Assigned task
The line containing "Biergärten_wea", plus every line that follows it to the end of the listing below, is what you transcribe exactly; omit all pictures.

Information shown
★ ★ ★ ★ ★ ★ ★

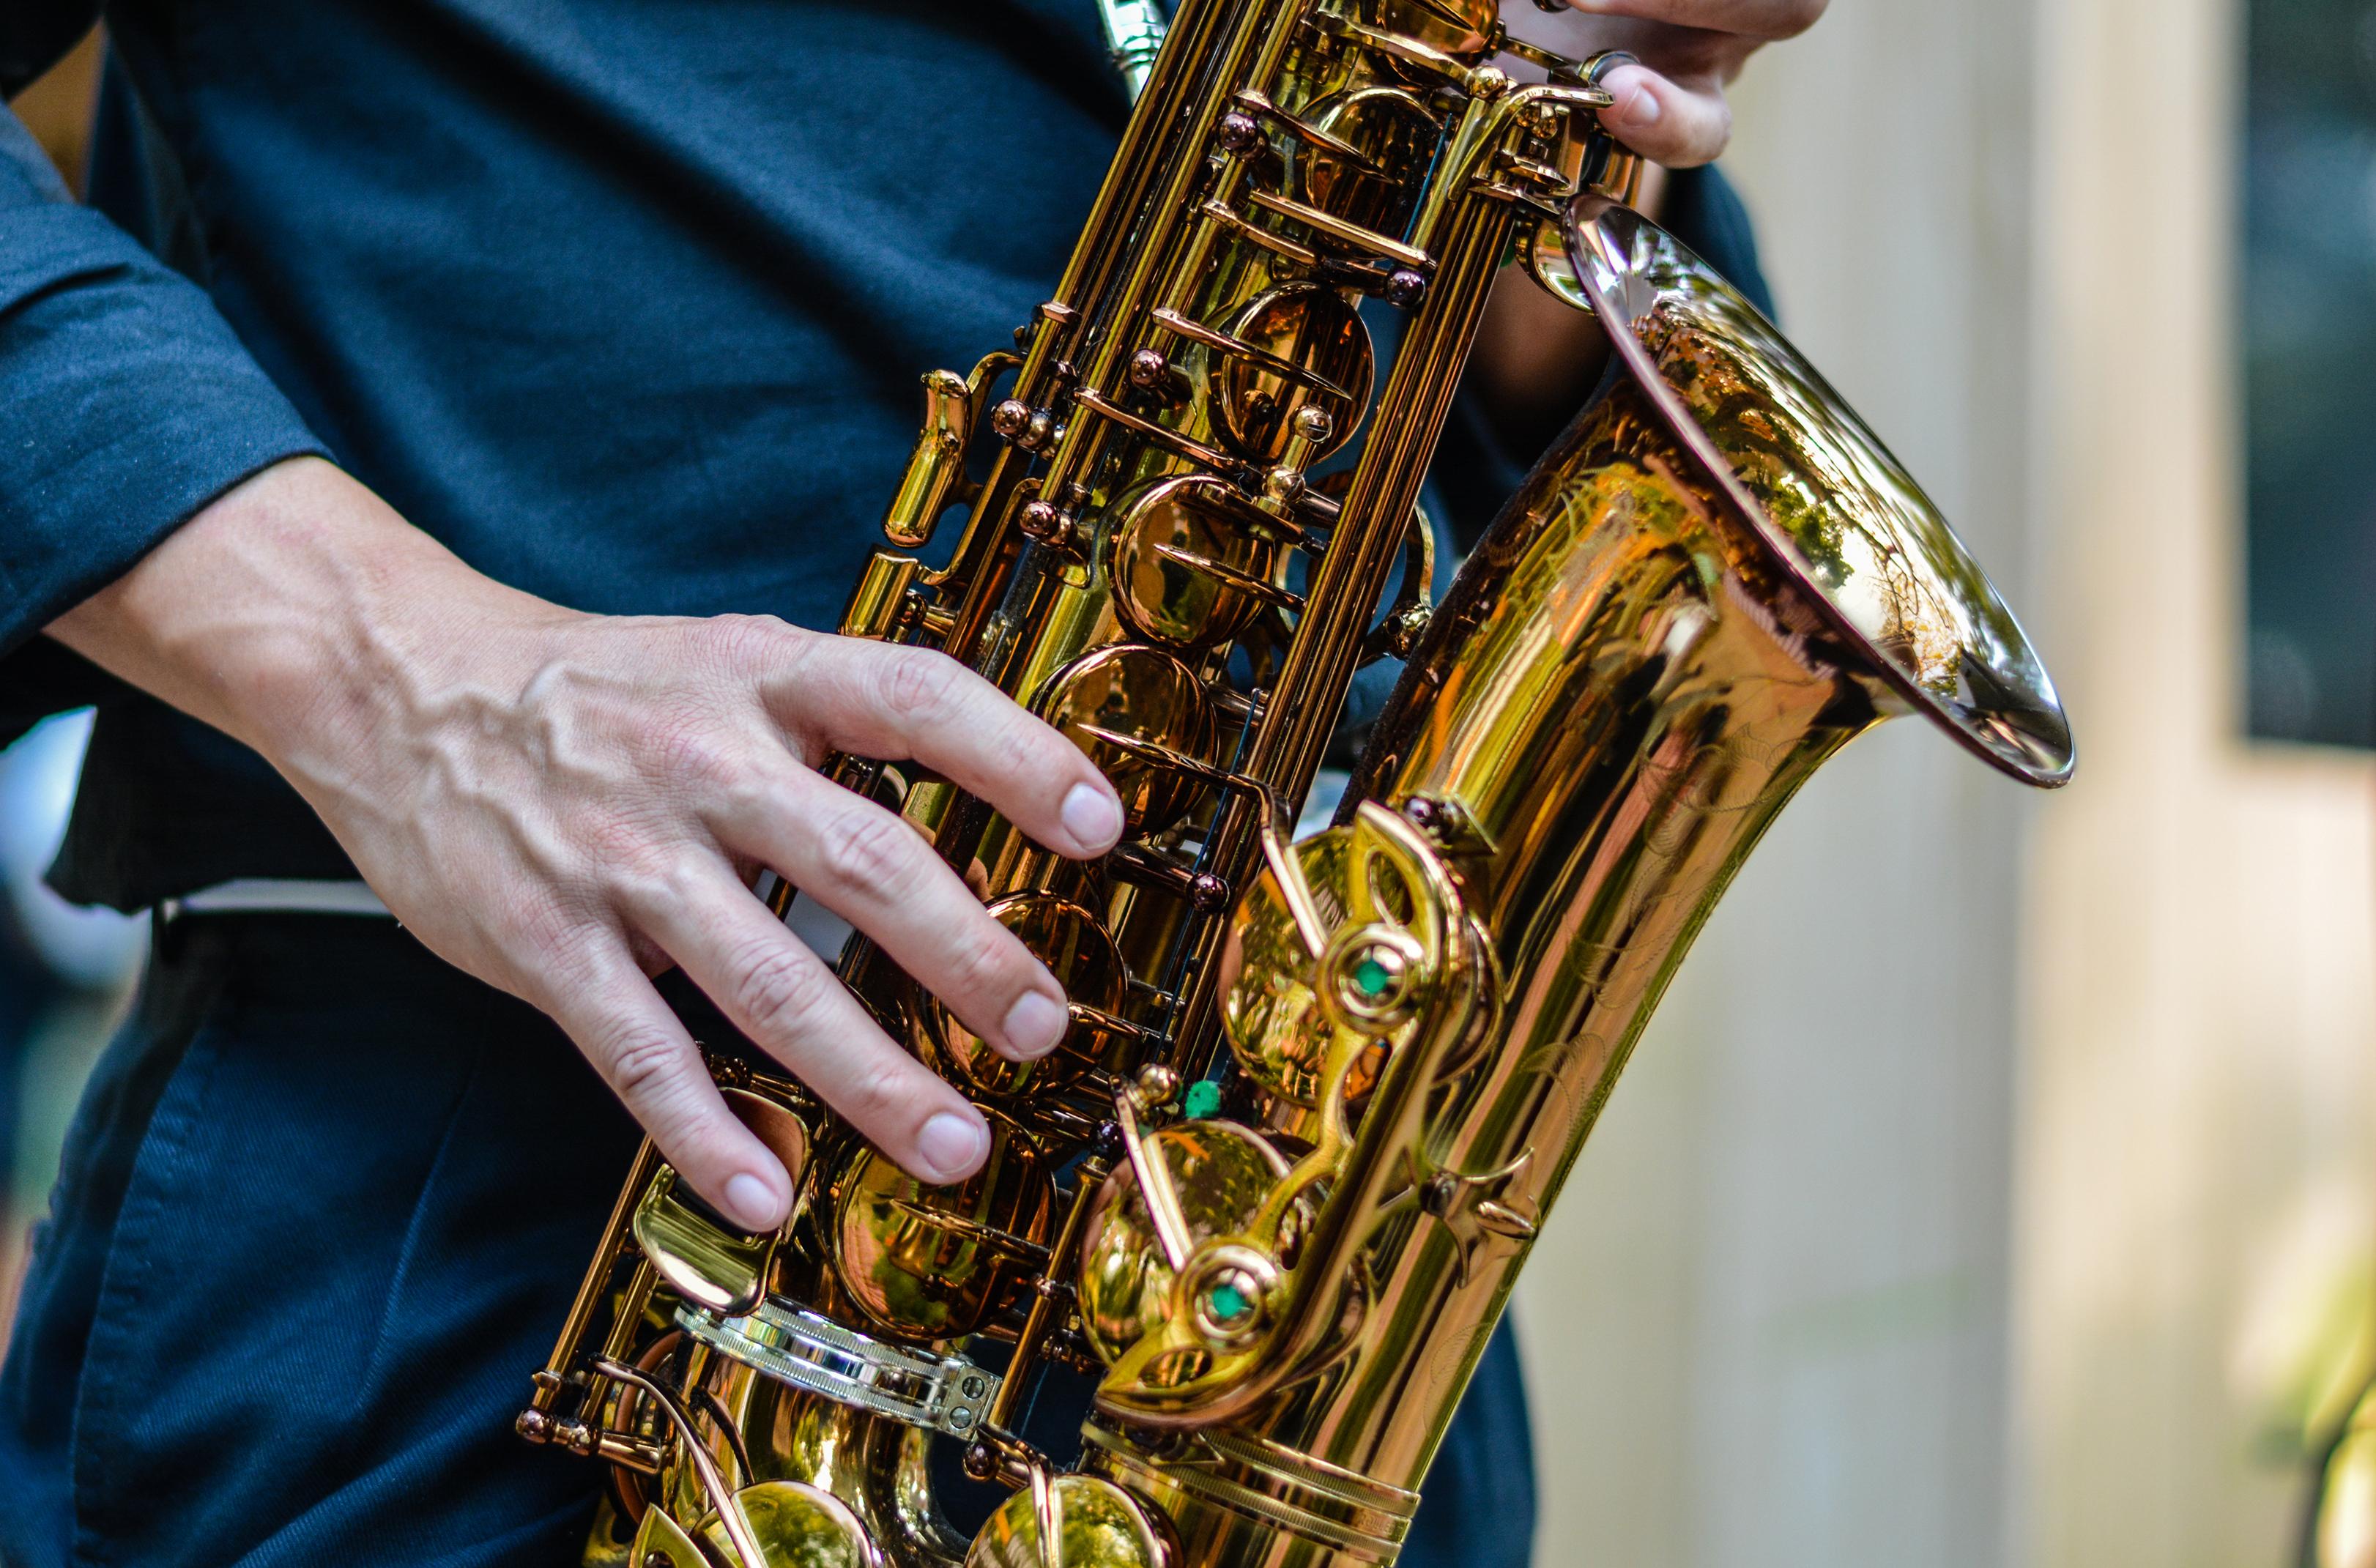 內地一名音樂老師示範吹奏薩士風時發現口角漏風,突然出現右面麻痺問題。
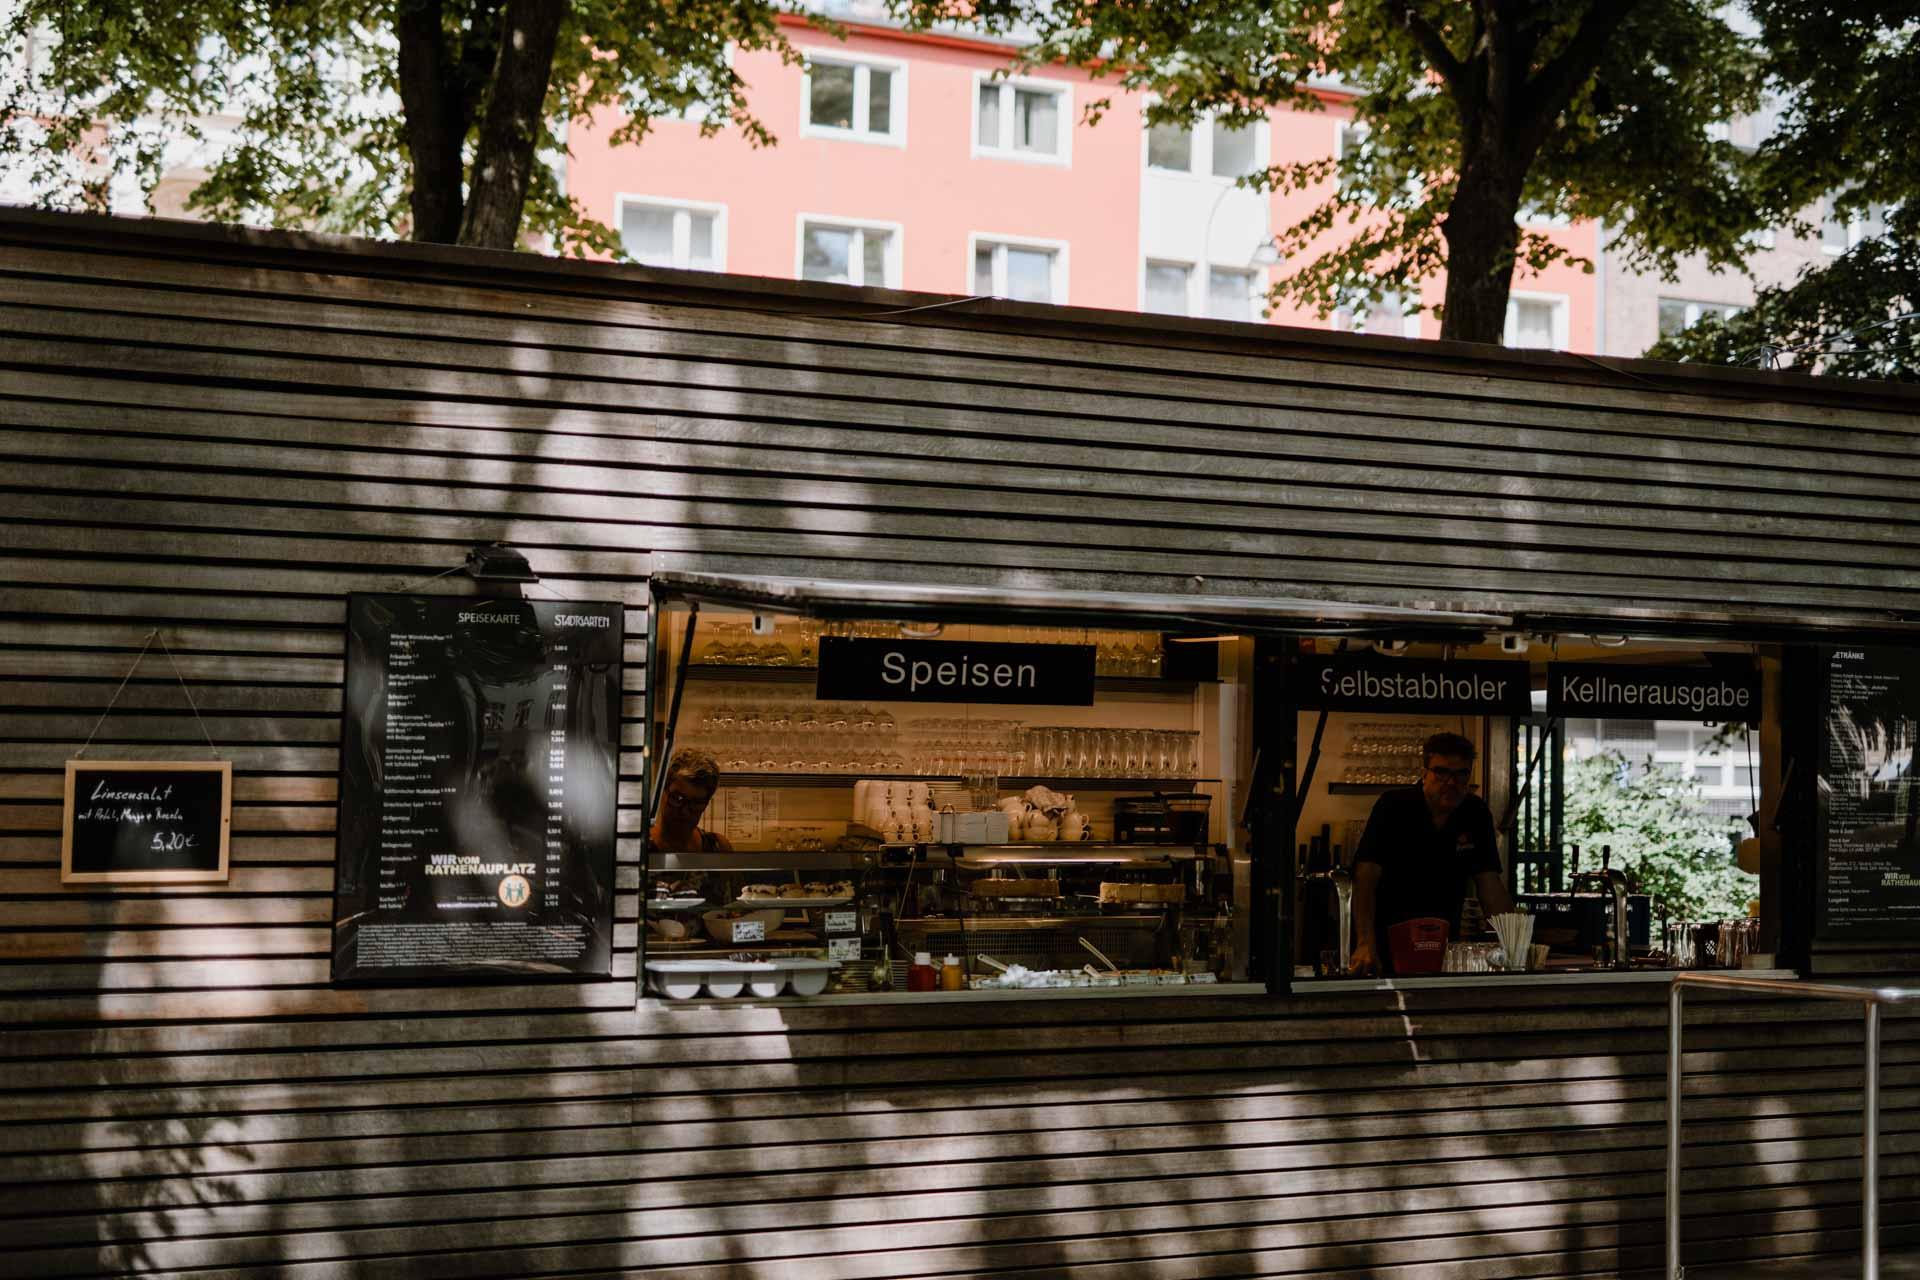 Biergärten_wearecity_koeln_julia_breuer-20.jpg
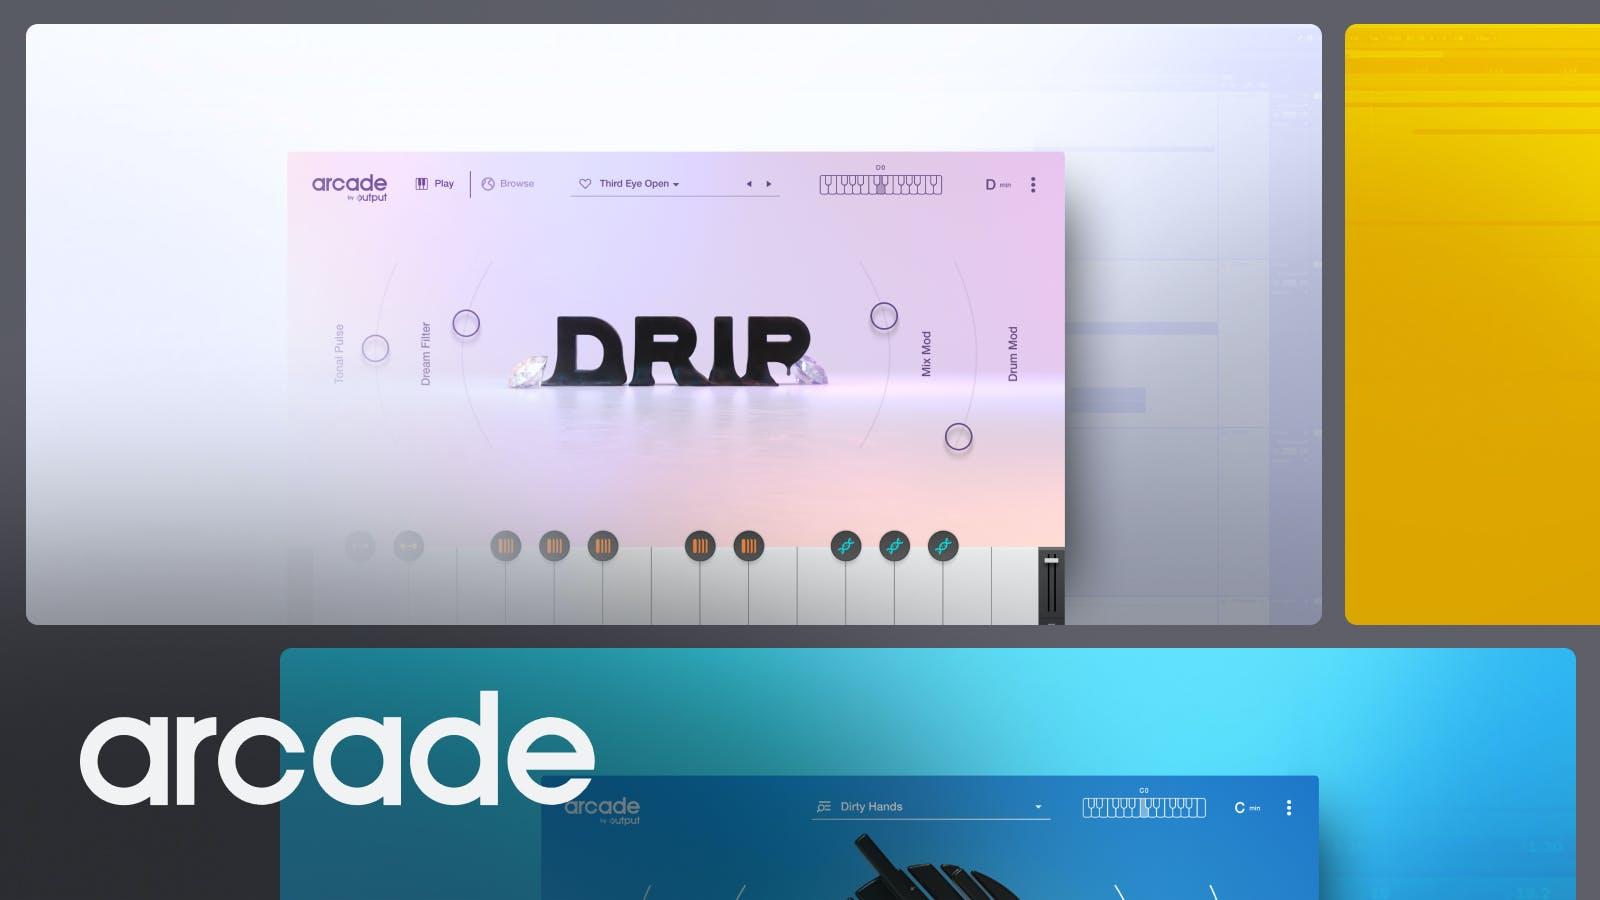 Drip ARCADE Line for hip-hop samples

★ ★ ★ ★ ★ ★ ★

Exercise result
 Biergärten_wearecity_koeln_julia_breuer-20.jpg
 Drip ARCADE Line for hip-hop samples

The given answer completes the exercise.